## Description of the task
Only one part of the listing is needed: the lines from the one with "エンドテーブルモバイルジョージエリオットカネボウ メディア(media)クリ-ミィラスティングリツプA カラー:RD-02" through the last line, copied exactly and free of pictures.

## Data below
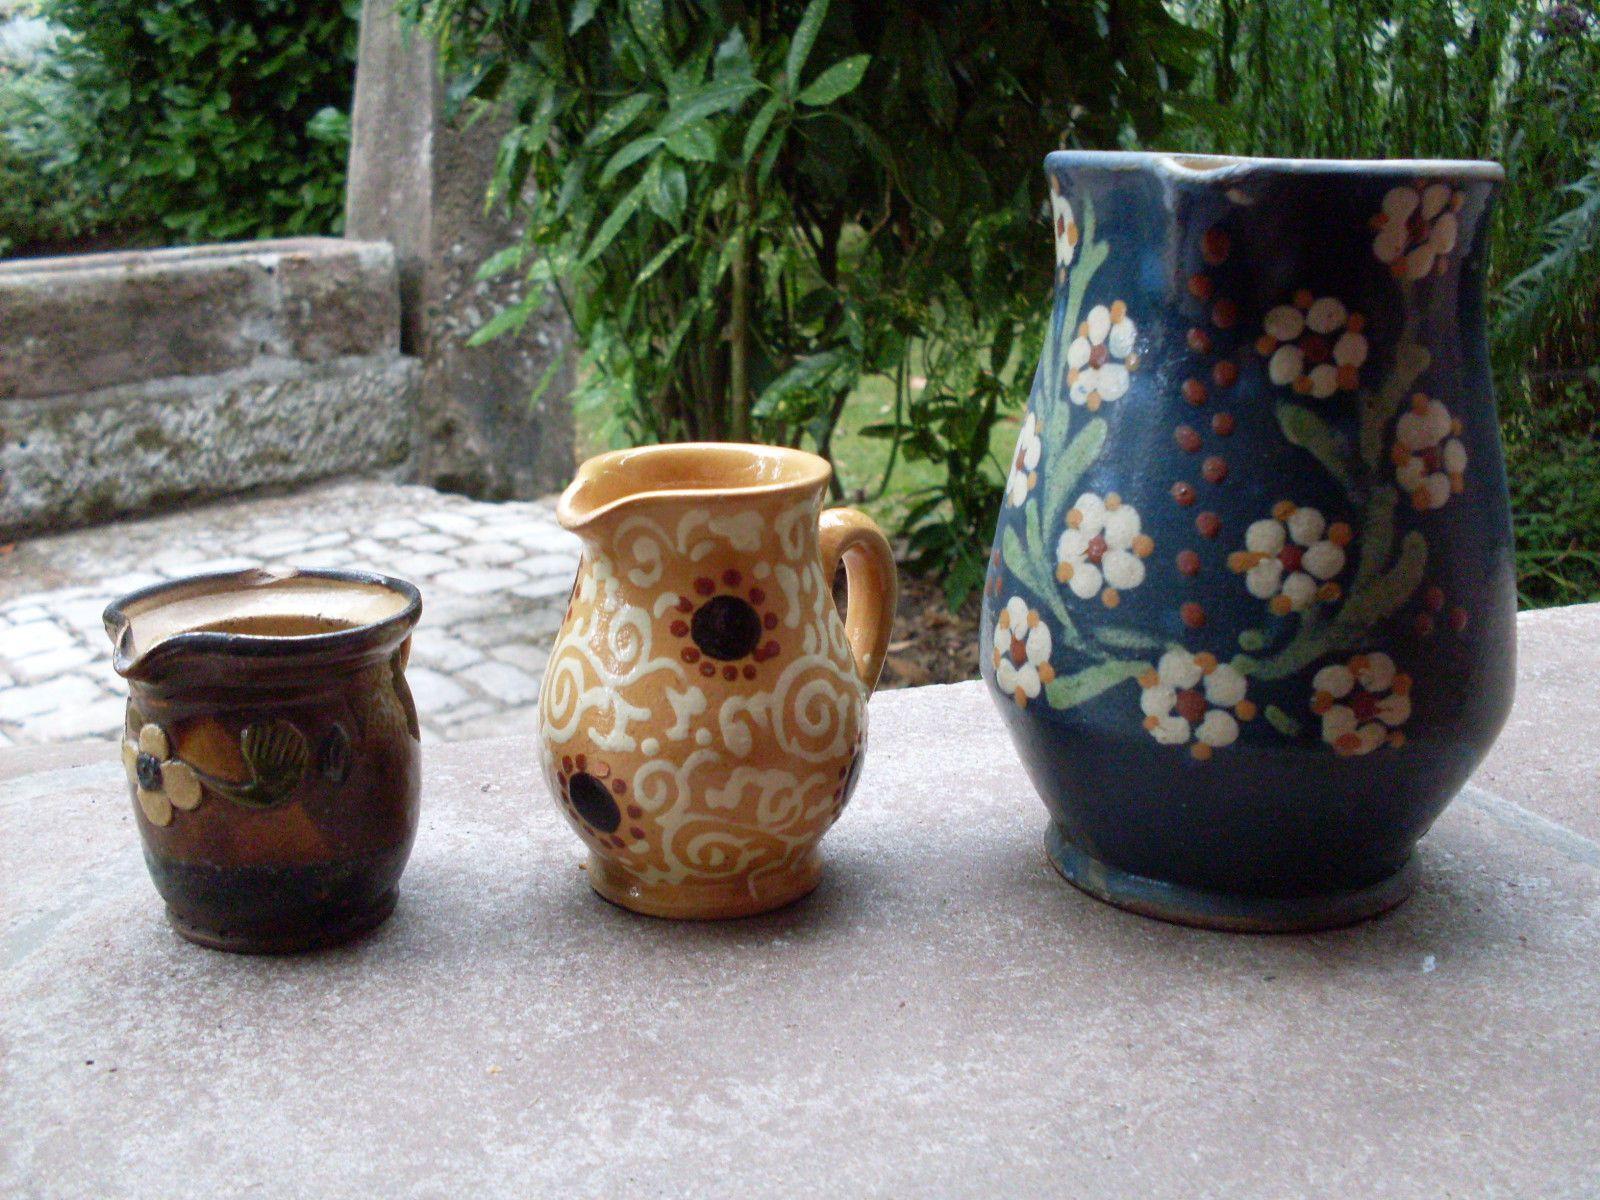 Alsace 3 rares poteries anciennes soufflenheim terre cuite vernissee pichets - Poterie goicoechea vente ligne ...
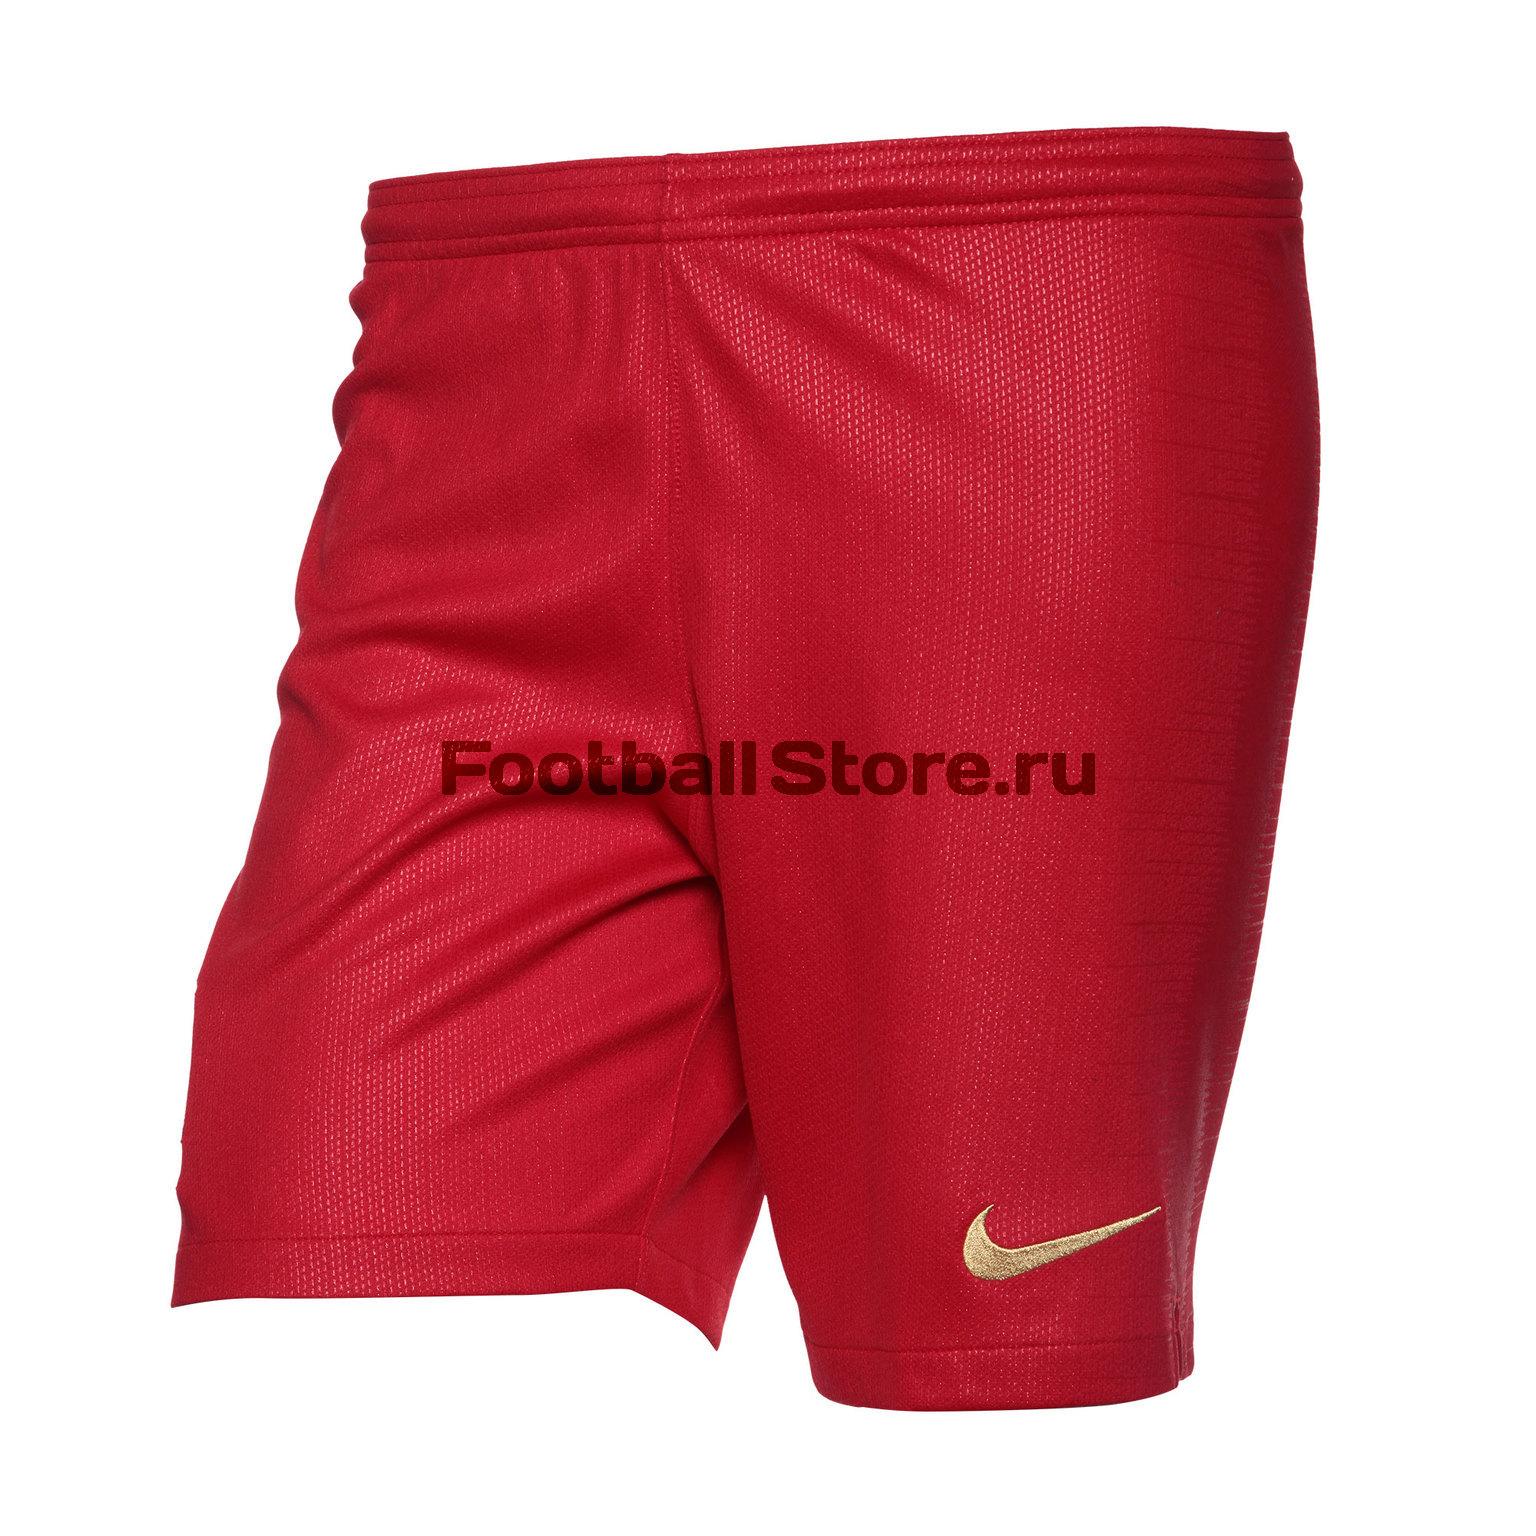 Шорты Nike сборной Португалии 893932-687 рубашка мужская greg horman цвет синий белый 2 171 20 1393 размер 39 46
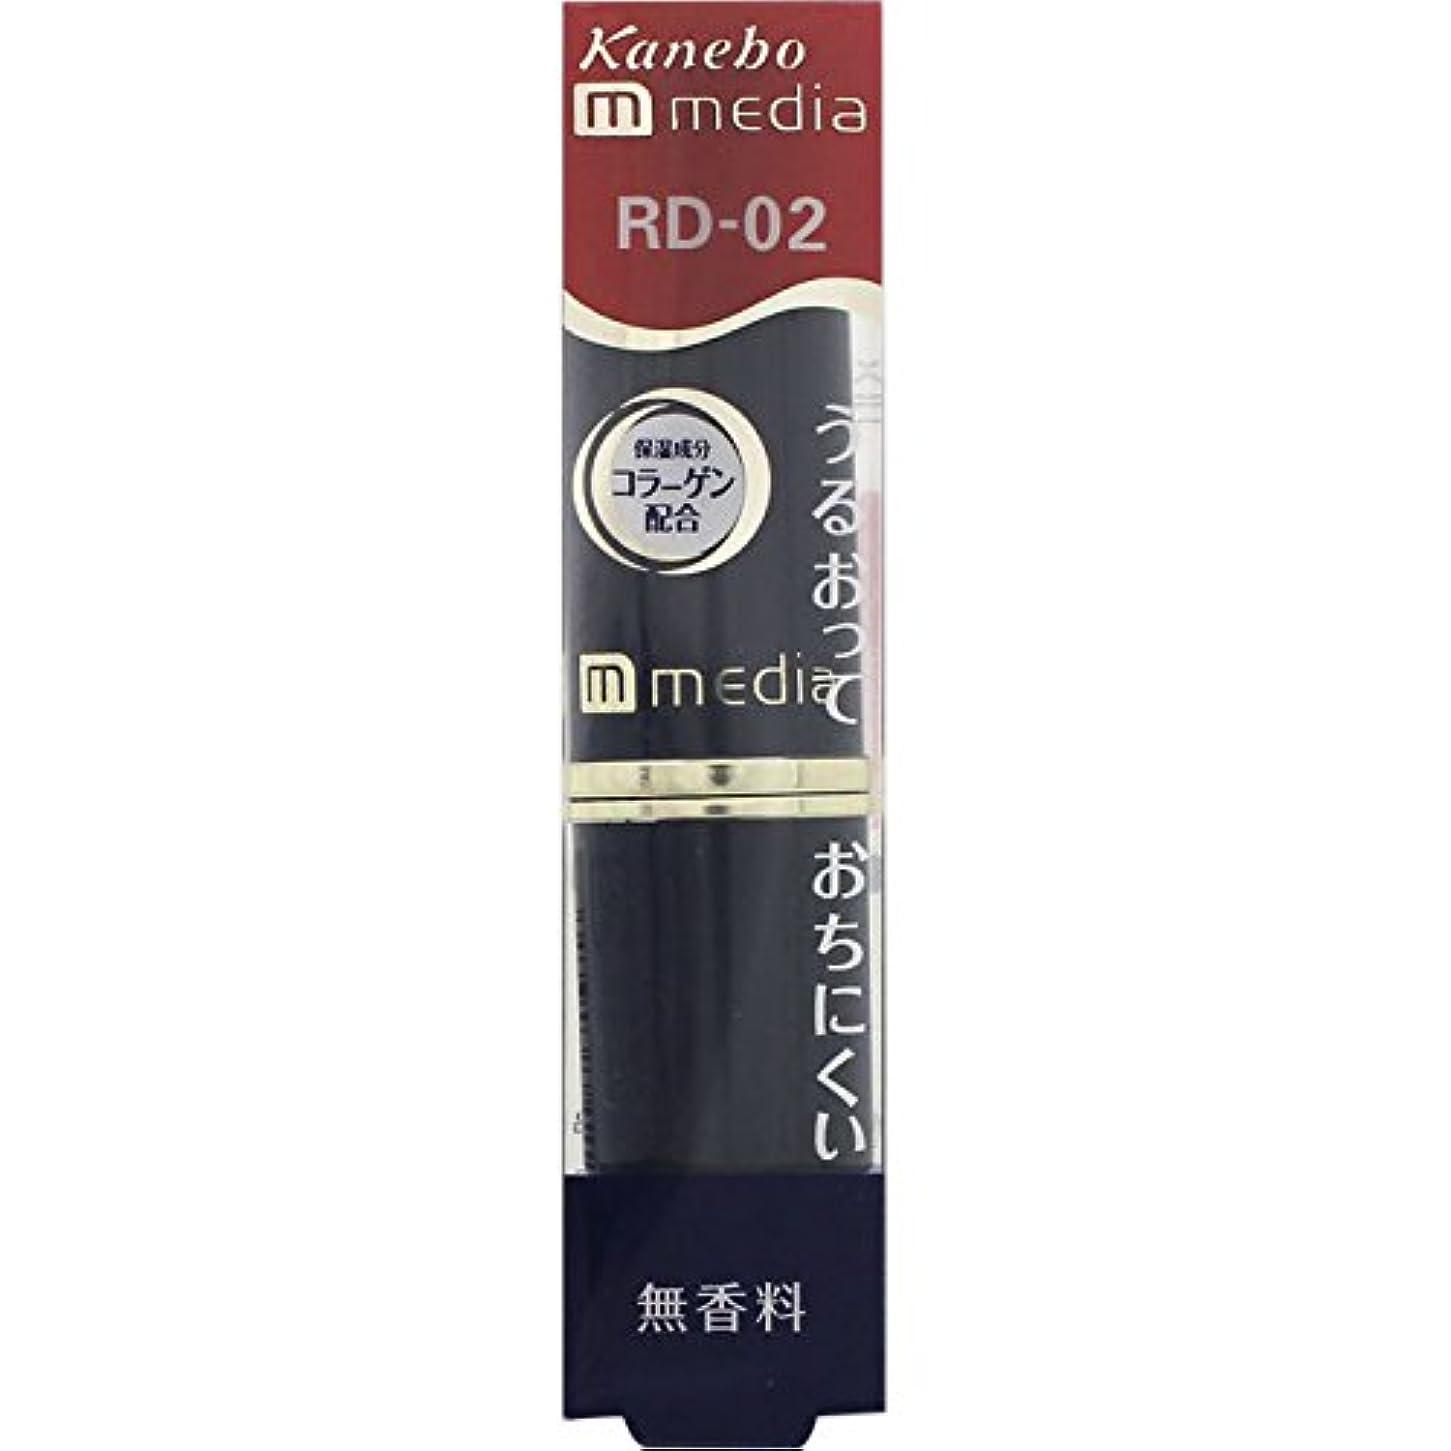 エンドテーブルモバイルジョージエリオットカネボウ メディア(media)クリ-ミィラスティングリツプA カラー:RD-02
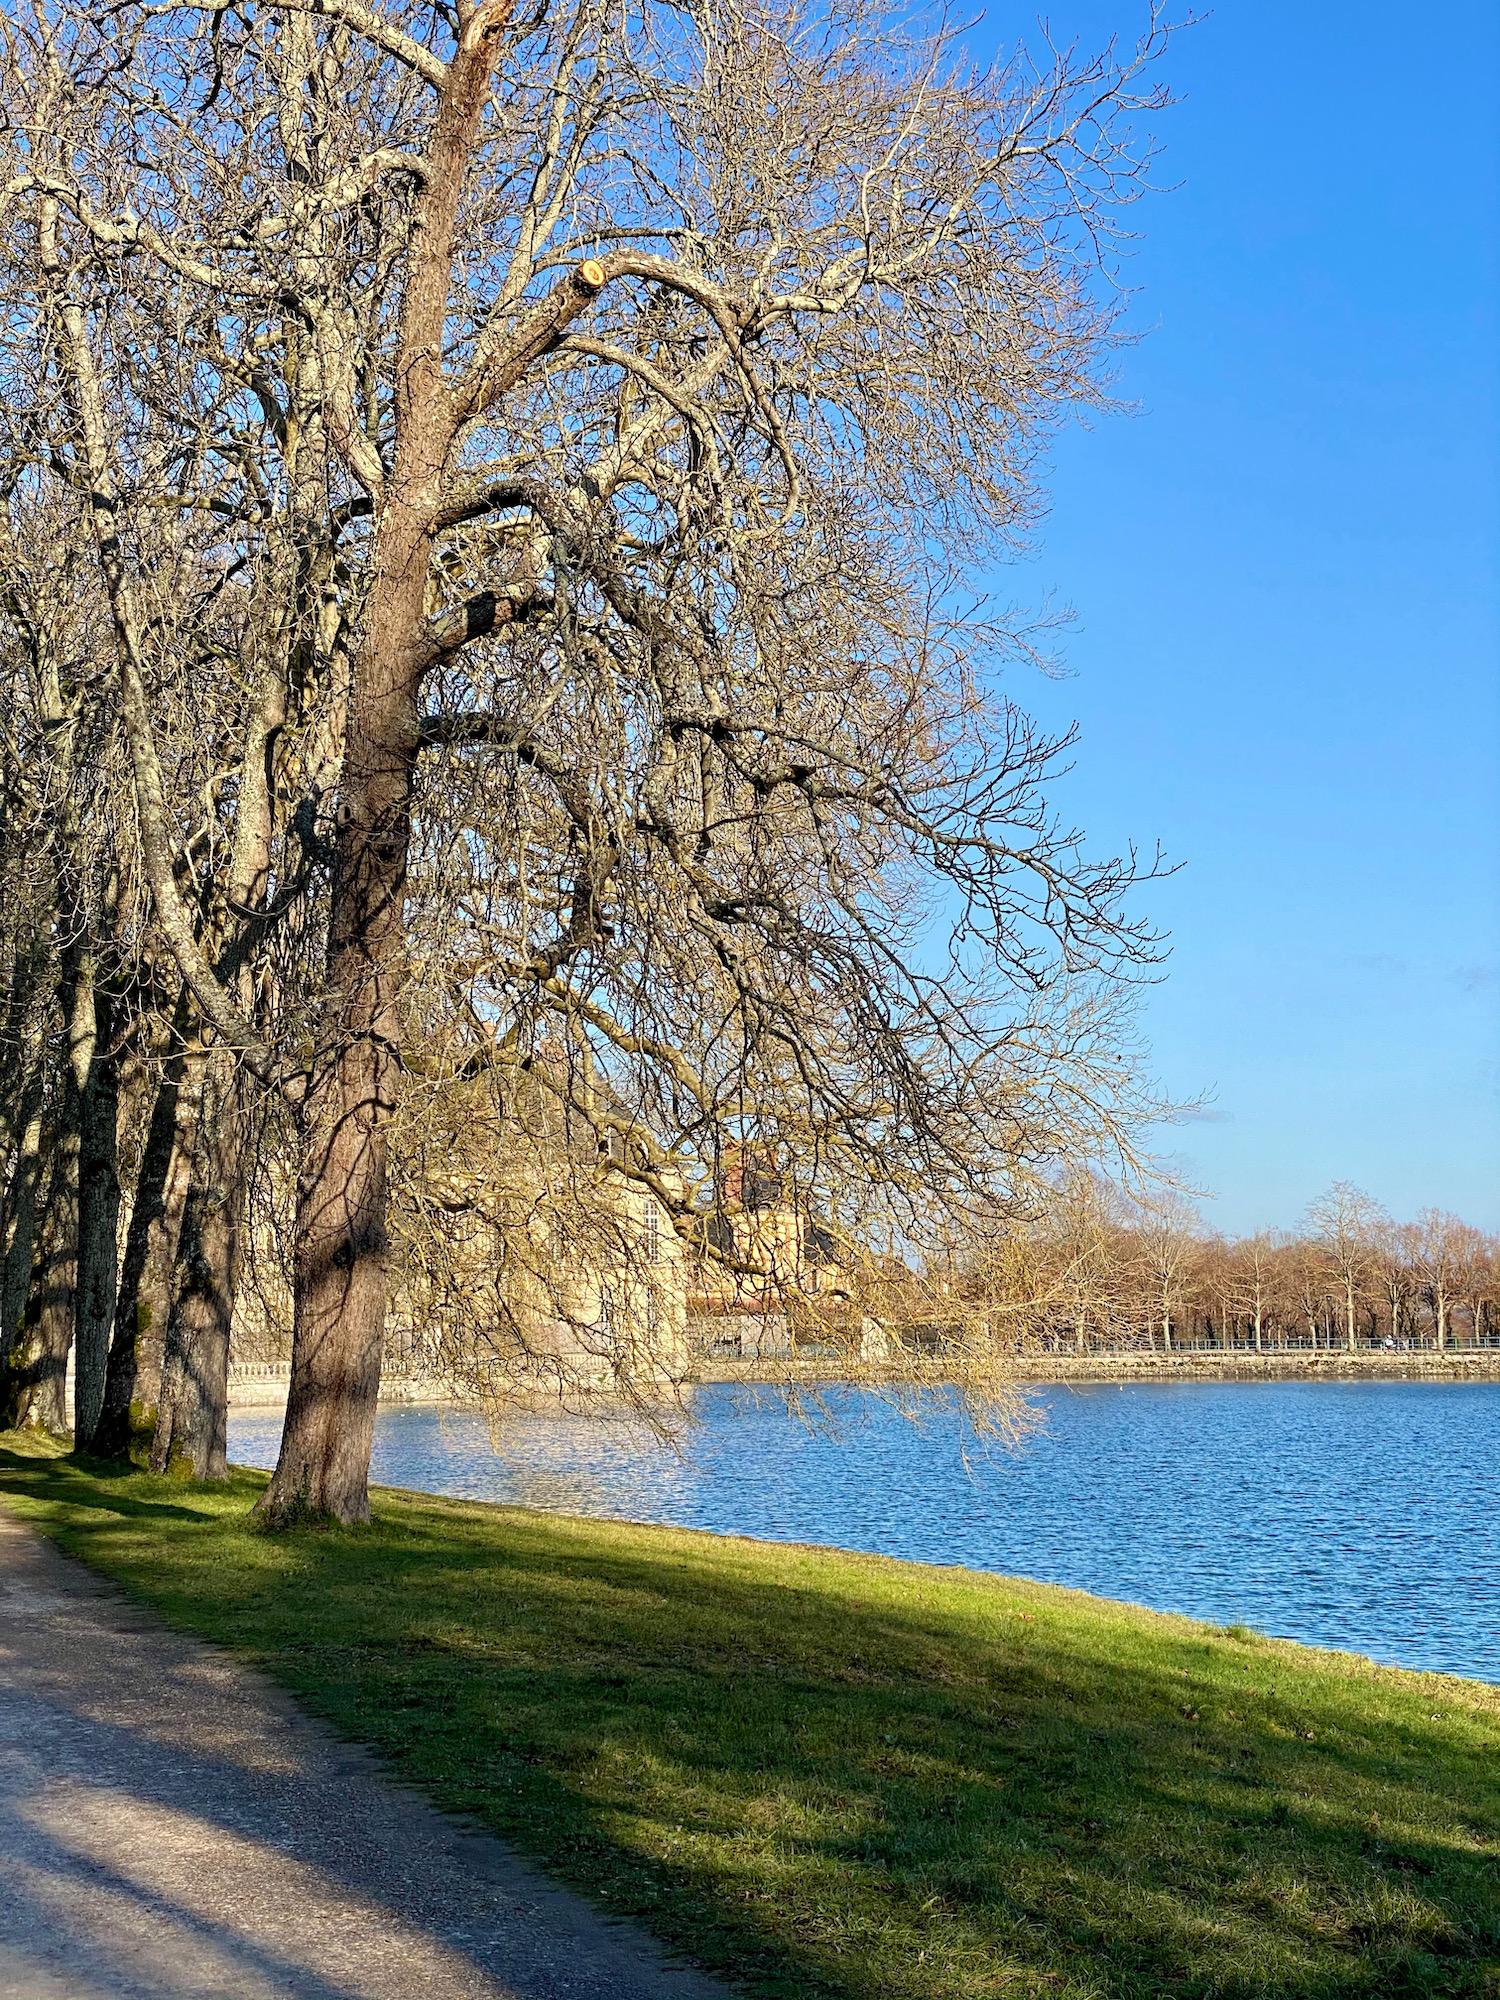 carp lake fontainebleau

## Response
 エンドテーブルモバイルジョージエリオットカネボウ メディア(media)クリ-ミィラスティングリツプA カラー:RD-02
 carp lake fontainebleau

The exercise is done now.